BEGIN
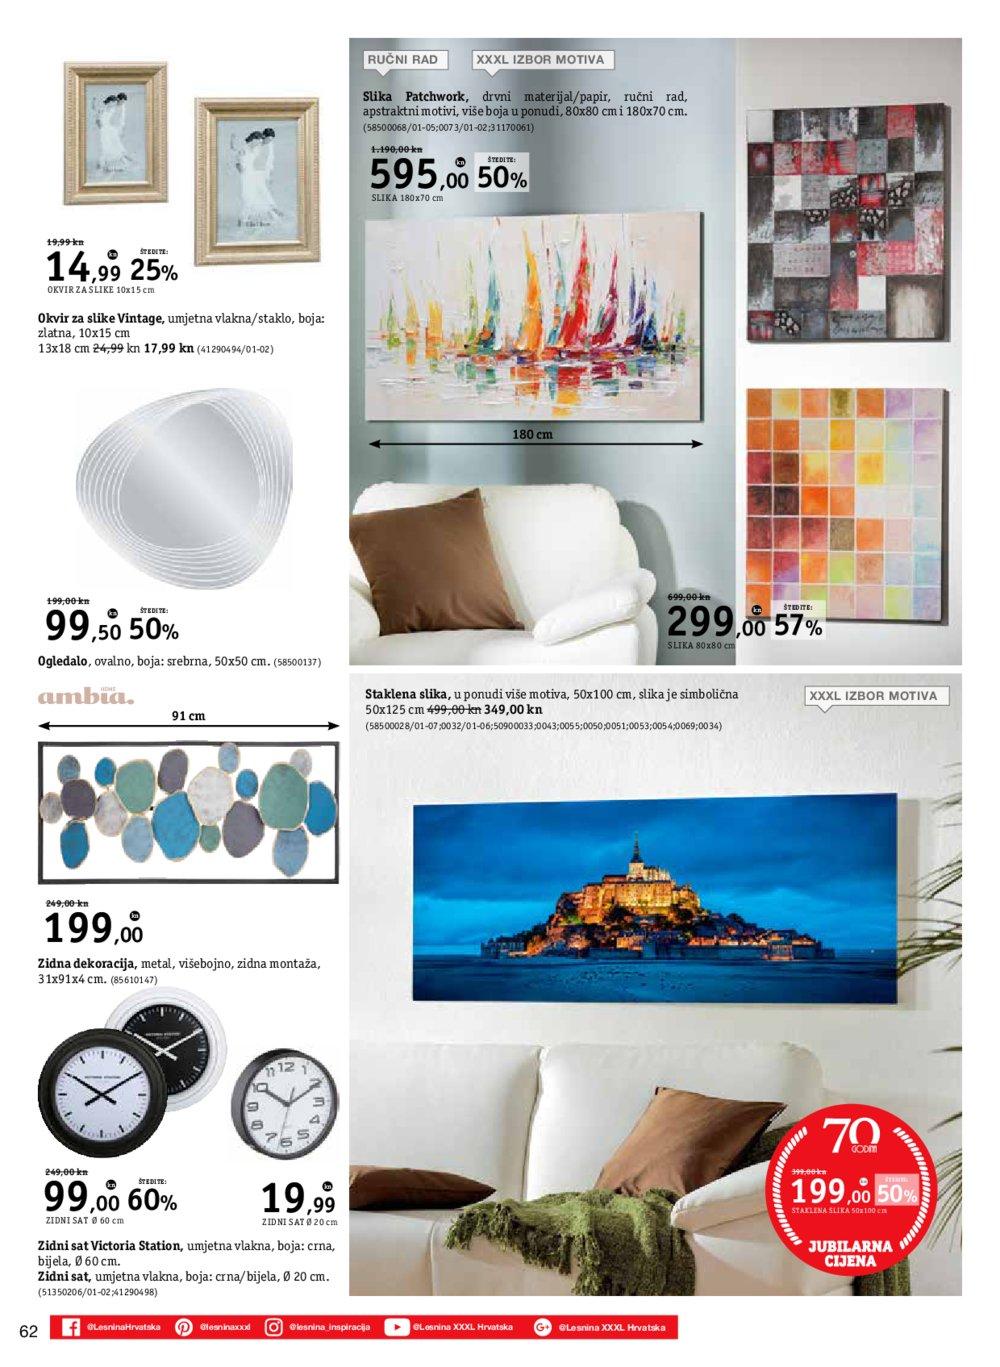 Lesnina katalog XXXL svijet apartmana 19.02.-31.05.2019.
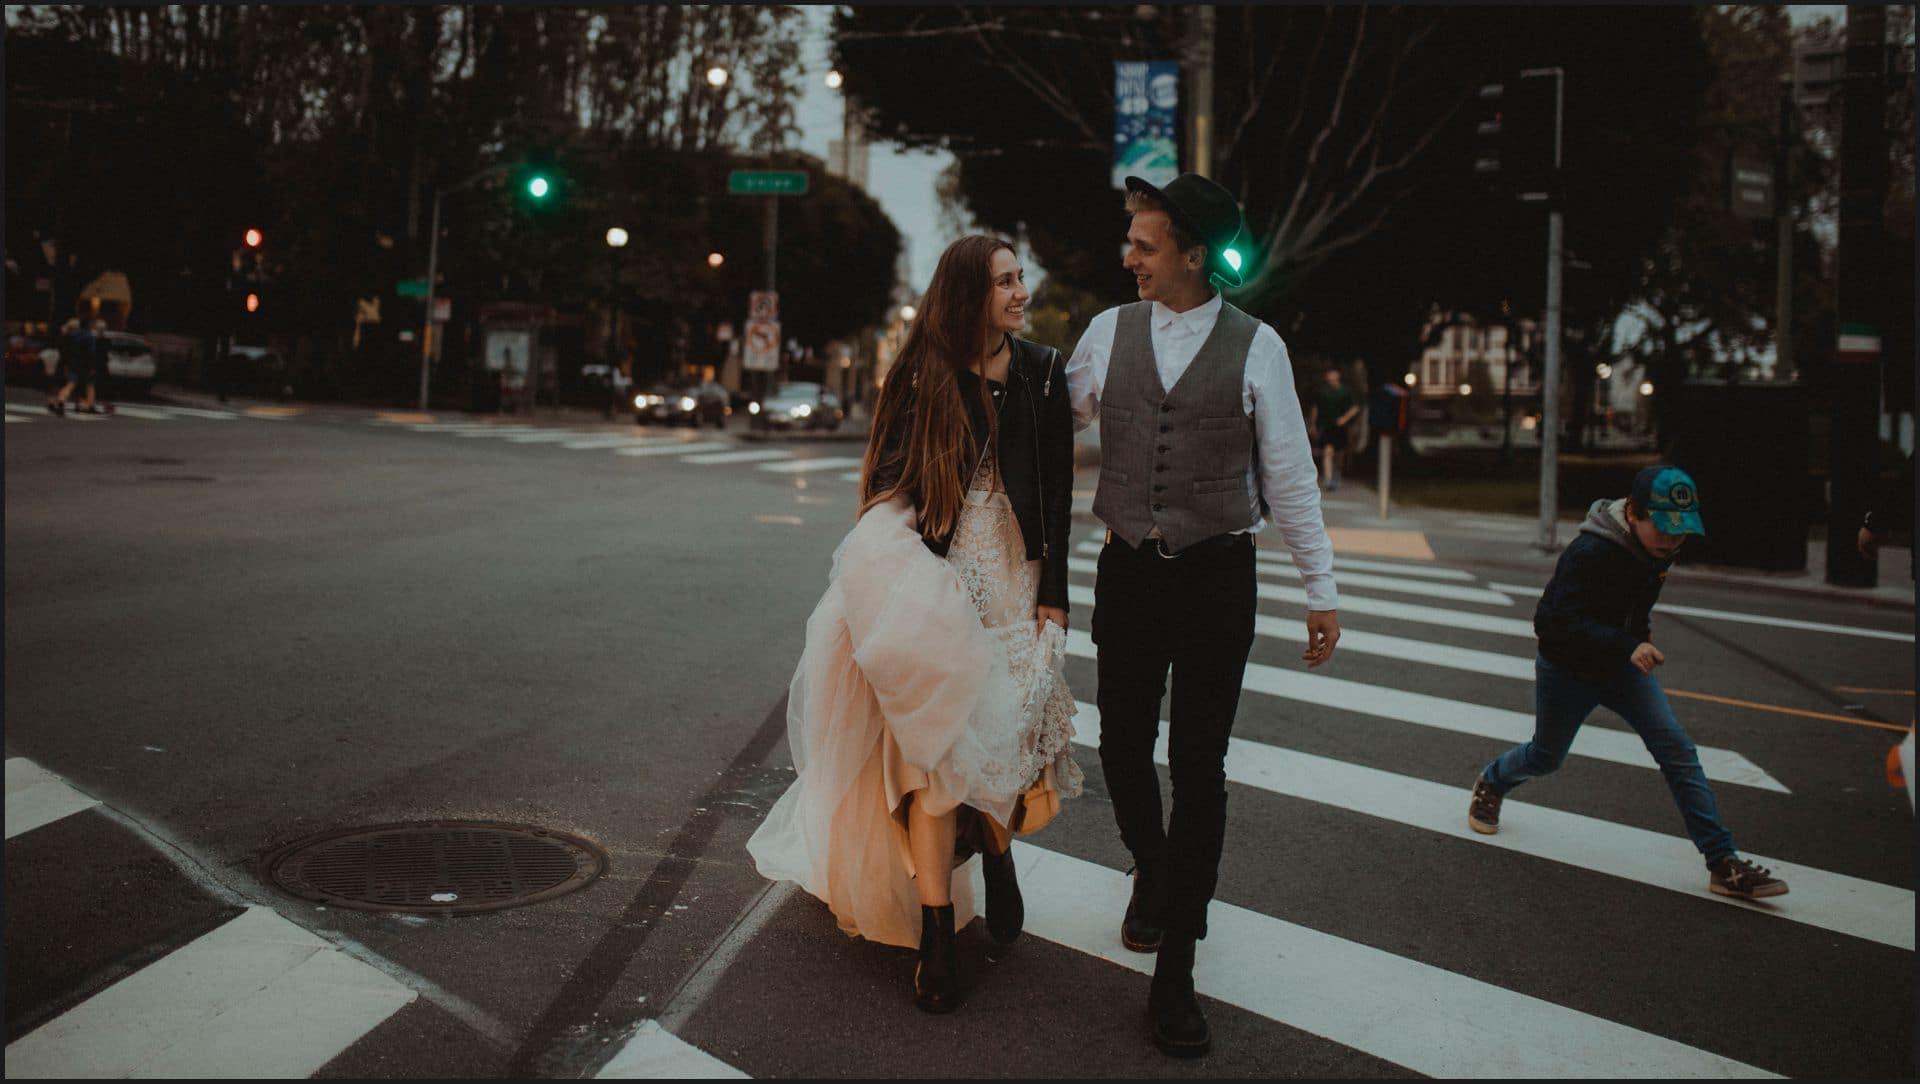 san francisco, california, elopement wedding, road, columbus street, bride, groom
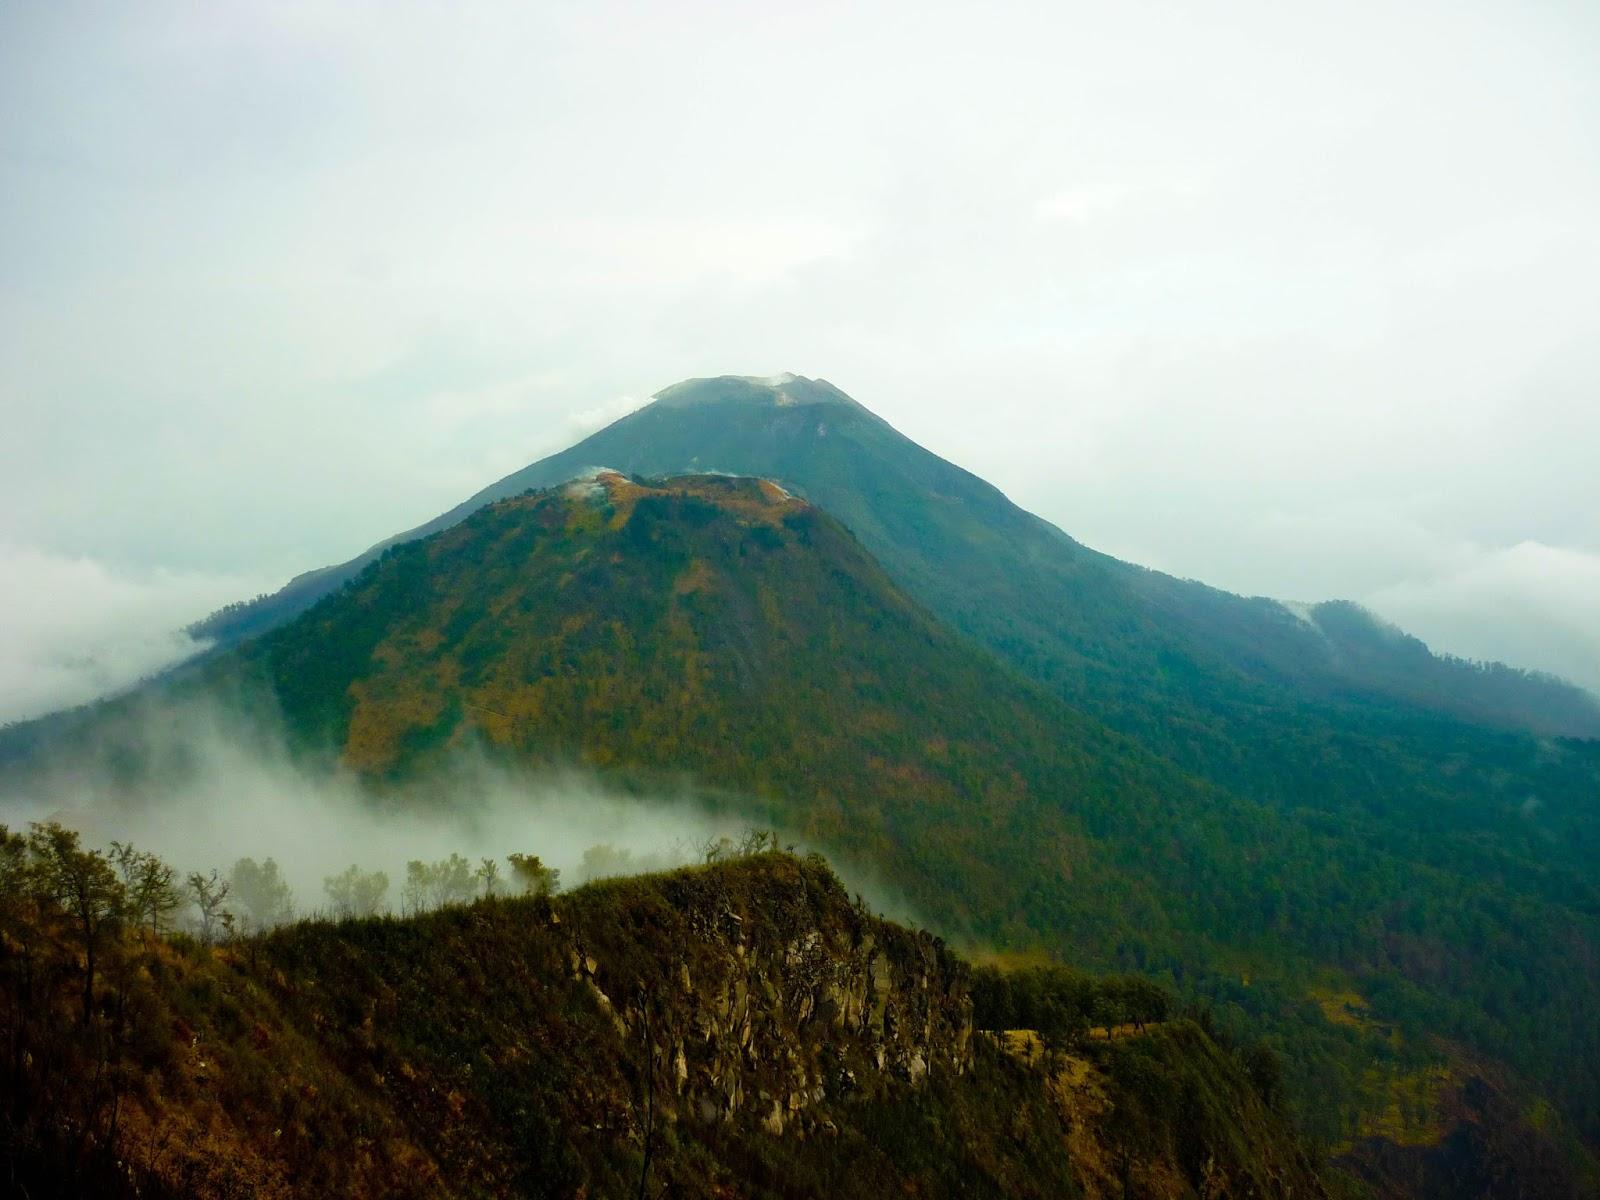 Jalur Pendakian Gunung Arjuno Paling Sering Di Lalui Pendaki Profesional Pengetahuan Wisata Gunung Indonesia
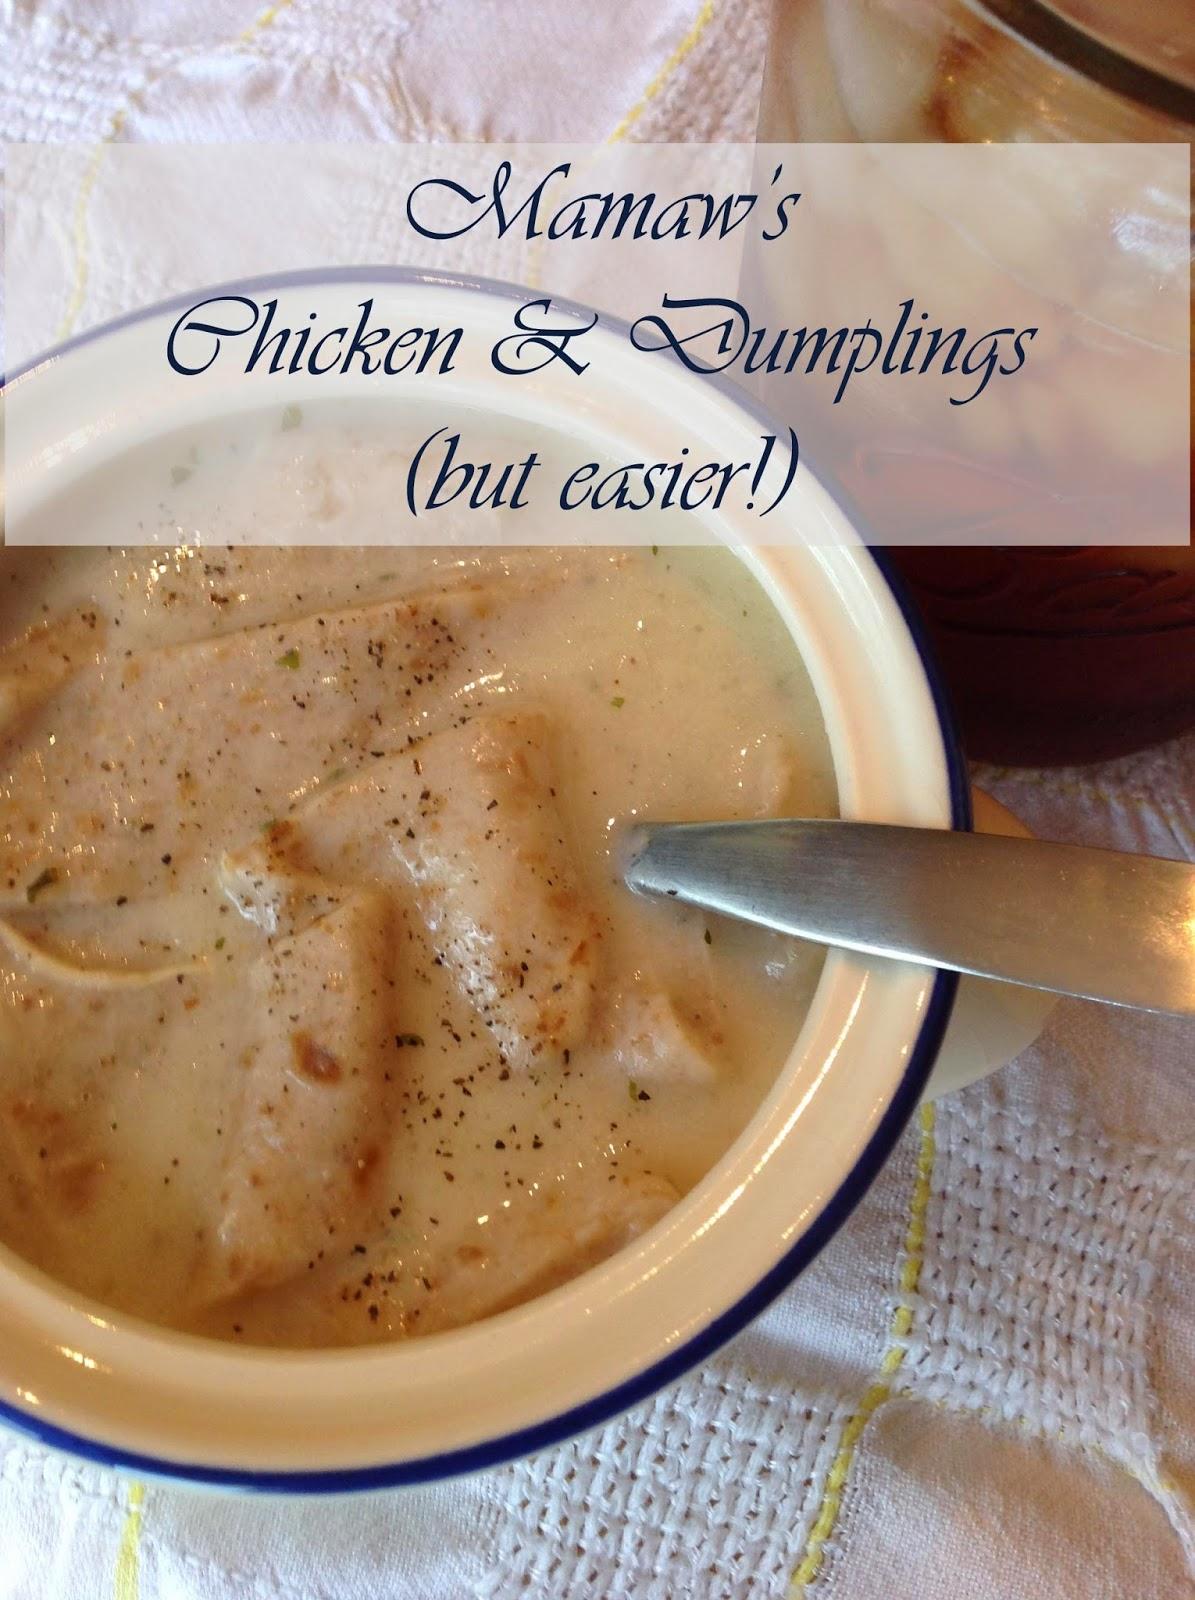 Amazing chicken and dumplings recipe
END
- Try it
Each line of the data must be restated exactly, and the pictures must be left out.

- Reply
 Lesnina katalog XXXL svijet apartmana 19.02.-31.05.2019.
 san francisco, california, elopement wedding, road, columbus street, bride, groom
 Jalur Pendakian Gunung Arjuno Paling Sering Di Lalui Pendaki Profesional Pengetahuan Wisata Gunung Indonesia
 Amazing chicken and dumplings recipe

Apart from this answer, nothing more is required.